You are viewing a plain text version of this content. The canonical link for it is here.
Posted to issues@spark.apache.org by "Don Smith (JIRA)" <ji...@apache.org> on 2017/02/22 02:24:44 UTC
[jira] [Created] (SPARK-19692) Comparison on BinaryType returns no
results
Don Smith created SPARK-19692:
----------------------------------
Summary: Comparison on BinaryType returns no results
Key: SPARK-19692
URL: https://issues.apache.org/jira/browse/SPARK-19692
Project: Spark
Issue Type: Bug
Components: SQL
Affects Versions: 2.1.0
Reporter: Don Smith
I believe there is an issue with comparisons on binary fields:
{code}
val sc = SparkSession.builder.appName("test").getOrCreate()
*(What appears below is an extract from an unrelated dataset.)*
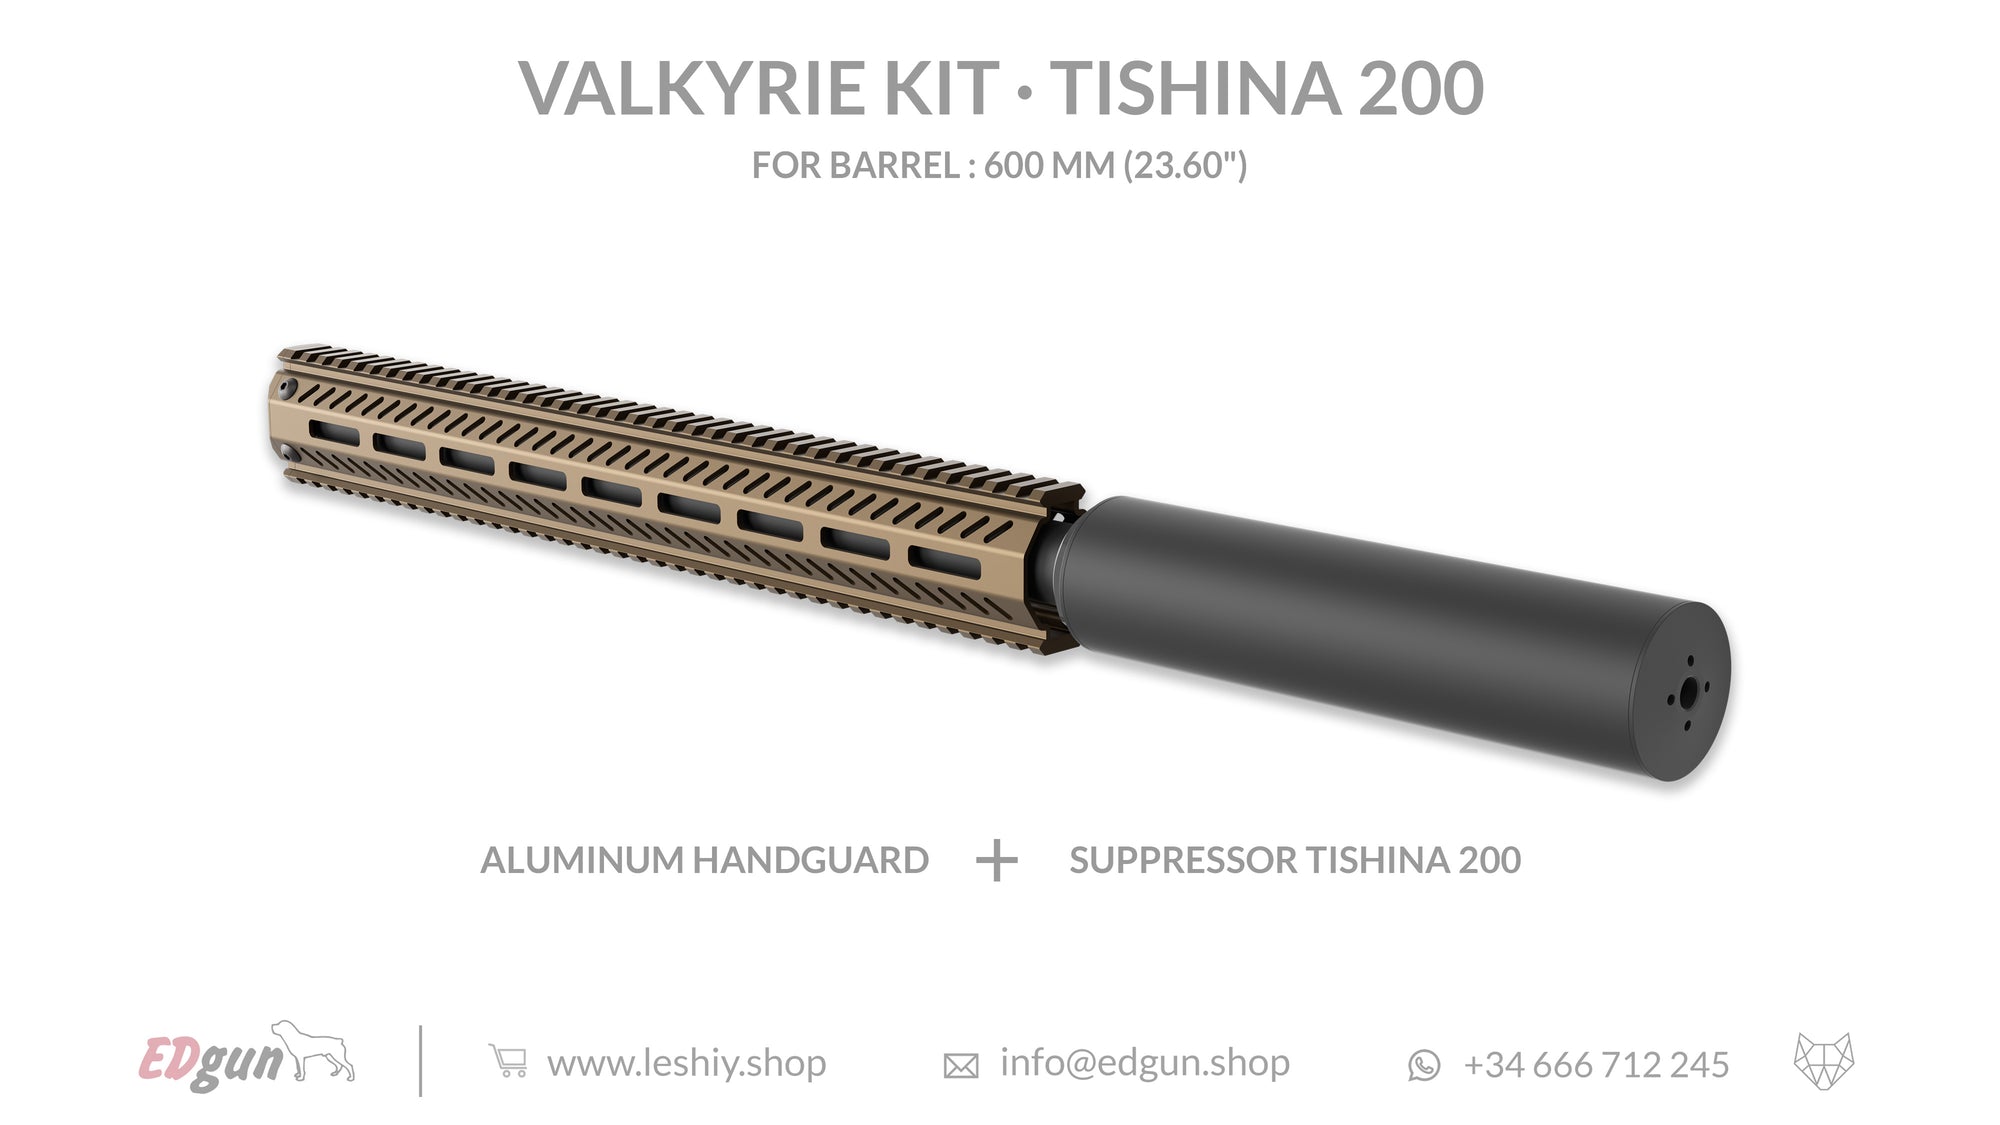 Kit Tishina 200 for barrel 600mm (23.60¨)

val schema = StructType(Seq(StructField("ip", BinaryType)))
val ips = Seq("1.1.1.1", "2.2.2.2", "200.10.6.7").map(s => InetAddress.getByName(s).getAddress)
val df = sc.createDataFrame(
sc.sparkContext.parallelize(ips, 1).map { ip =>
Row(ip)
}, schema
)
val query = df
.where(df("ip") >= InetAddress.getByName("200.10.0.0").getAddress)
.where(df("ip") <= InetAddress.getByName("200.10.255.255").getAddress)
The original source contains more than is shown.